Adding support for a refresh token necessitated the creation of some new endpoints. The first is the aptly-named “/users/reset-token”, which make use of the already existing generate_auth_token method. It creates a cookie with a much longer expiration time (14 days) and stores it with the httpOnly flag, preventing the client from accessing it.

# get a refresh token for a user
@user.route("/users/refresh-token")
@auth.login_required
def get_refresh_token():
    refresh_token = g.user.generate_auth_token(expiration=1209600)  # 14 days
    response = make_response('', 204)
    response.set_cookie('refresh_token', refresh_token, httponly=True)
    return response

Next, I modified the /users/token endpoint to instead check the cookies for the refresh token. It then uses the token to verify the user and provide the actual access token. I shortened the access token to just five minutes; after that, the client will need to request a new one.

# get a token for a user
@user.route("/users/token")
def get_auth_token():
    refresh_token = request.cookies.get('refresh_token')
    print(refresh_token)
    if not refresh_token:
        raise InvalidUsage("No refresh token", 404)
    user = User.verify_auth_token(refresh_token)
    access_token = user.generate_auth_token(expiration=300)
    return jsonify({'token': access_token})

Finally, I created a new route to log out, which in this case essentially removes the refresh token. Because there isn’t an accepted way to delete a cookie on the server side (see this post), I simply set the cookie to a blank value and have it instantly expire.

# log out user by deleting httpOnly refresh cookie
@user.route('/users/logout')
def logout_user():
    response = make_response('', 204)
    response.set_cookie('refresh_token', '', expires=0)
    return response

And that’s all the Python work I needed to do.

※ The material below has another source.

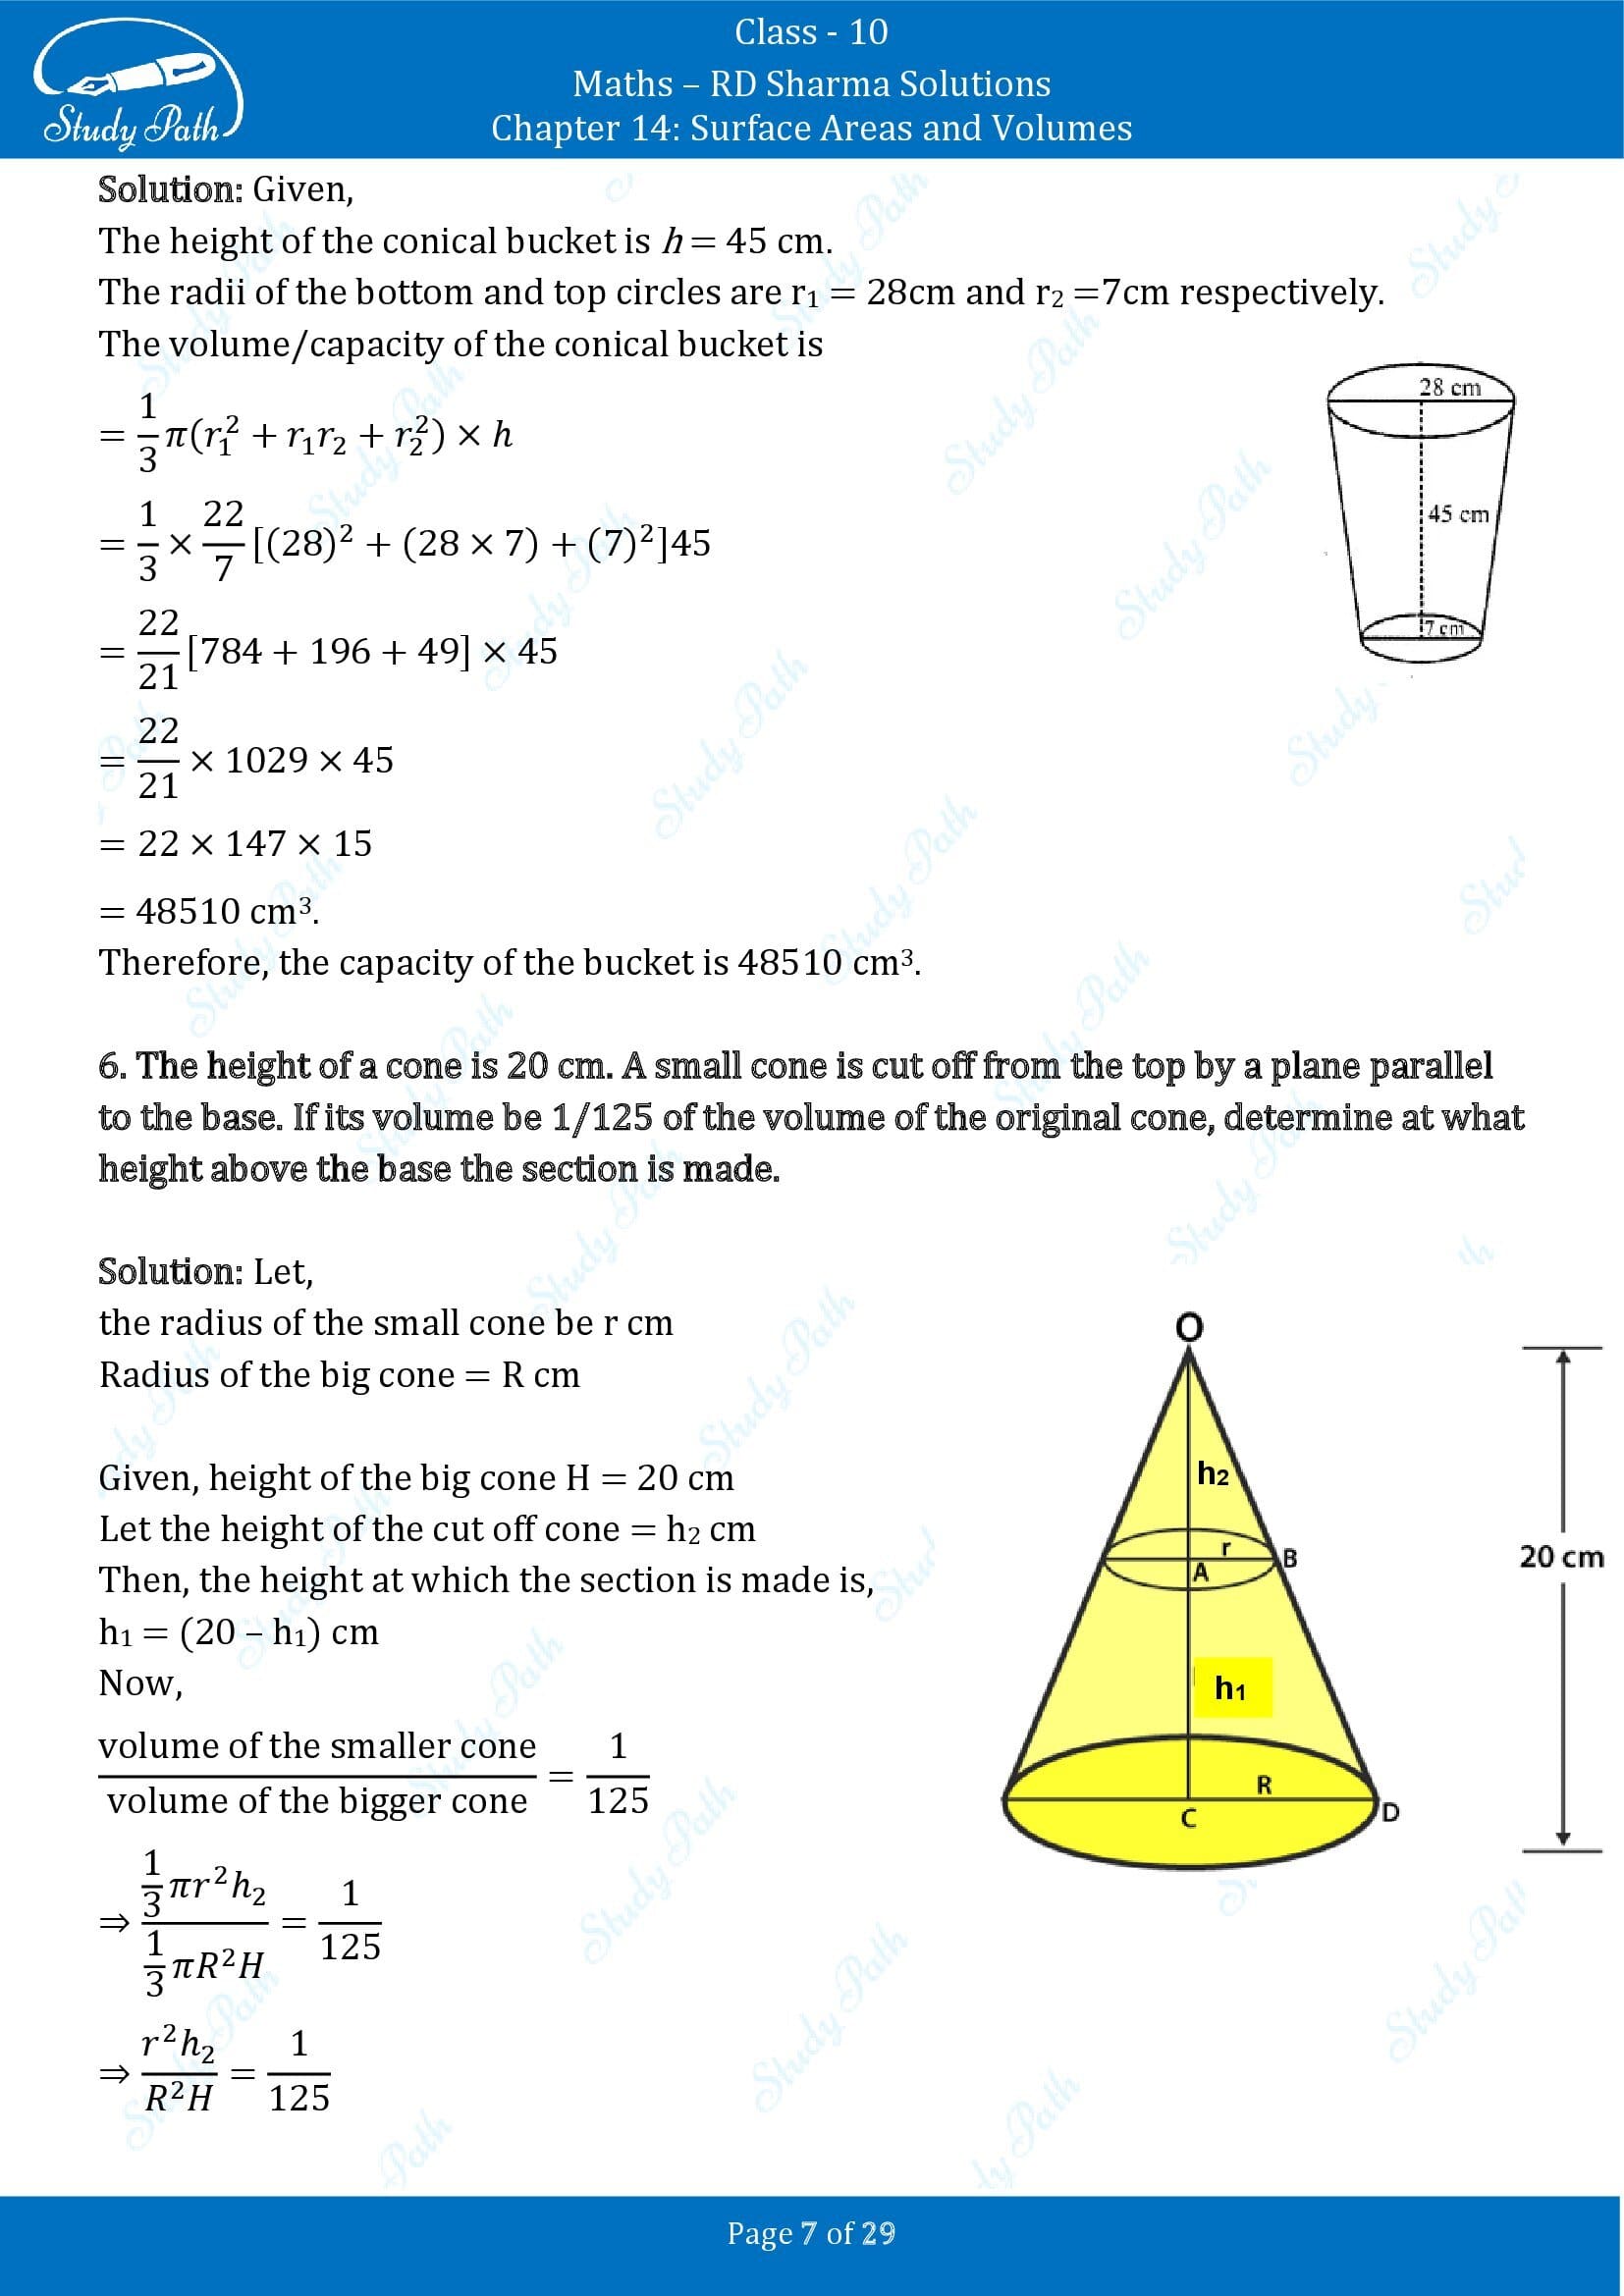 RD Sharma Solutions Class 10 Chapter 14 Surface Areas and Volumes Exercise 14.3 00007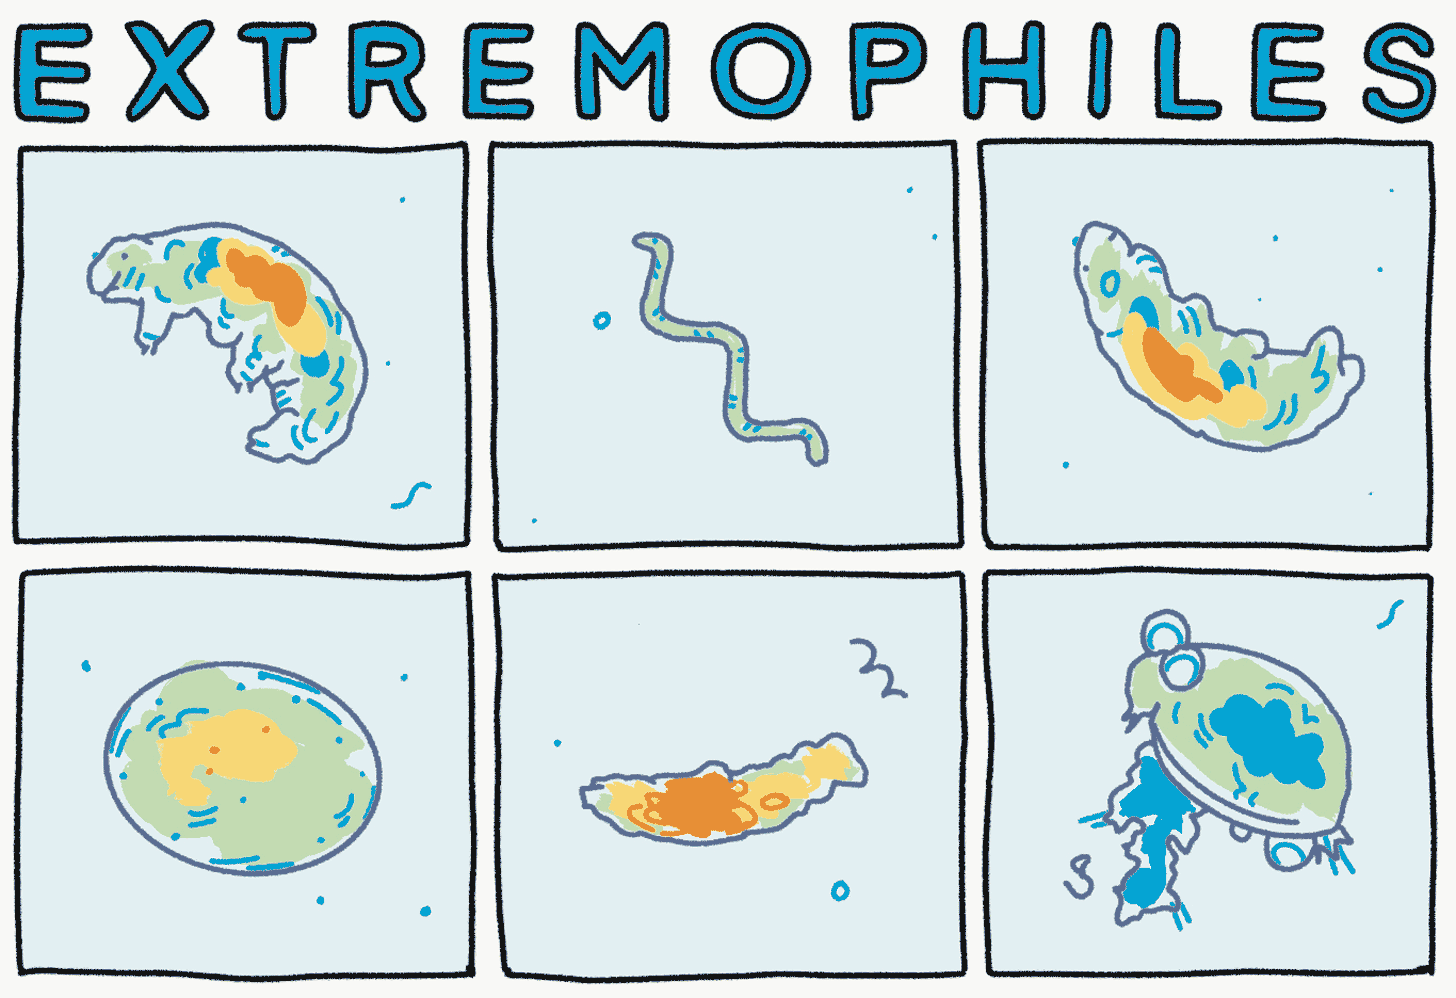 Illustrations of extremophiles which live on Antarctica, as originally photographed by Ariel Waldman

Handling the Refresh Token on the Client Side

Next, I needed a way to continually get new refresh tokens, which meant I needed a timed interval. Because I wanted the entire app to hold the token and to attempt to get a refresh token, I decided to add the logic for this part in the main App.js file.

First, I created a method, getToken, which would sent a fetch request to the “/users/token” endpoint. Because the refresh token would already exist as a cookie, I didn’t need to do anything special to send it. I just waited for the server’s response. If it returns 200, all is well. If it returns 404, then there isn’t a refresh token and we’ll need to direct the user to the login page.

const getToken = () => {
  fetch('/users/token')
  .then(response=>{
    if (response.status === 200){
      return response.json()
    } else if (response.status === 404){
      throw new Error('No refresh token.')
    } else {
      throw new Error('Something went wrong.')
    }
  })
  .then(json=>{
    setToken(json['token'])
    setHasToken(true)
  })
  .catch(error=>console.log(error))
}

I also created a new piece of state, hasToken, which was set as true if there was a token and false if not. I did this rather than just check if token was null because I needed to use a useEffect statement, and I only wanted it to fire once (when we got the first token) rather than every time a new token was retrieved.

useEffect(()=>{
  getToken()
  if(hasToken === true){
    console.log('setting interval')
    setInterval(()=>{
      console.log('getting new token')
      getToken()
    }, 240000)
  }
}, [hasToken])

Thus, every four minutes the server requests a new token. I made the interval slightly shorter than the actual amount of time the token has to give the system some buffer time. May not be strictly necessary, but I prefer it that way.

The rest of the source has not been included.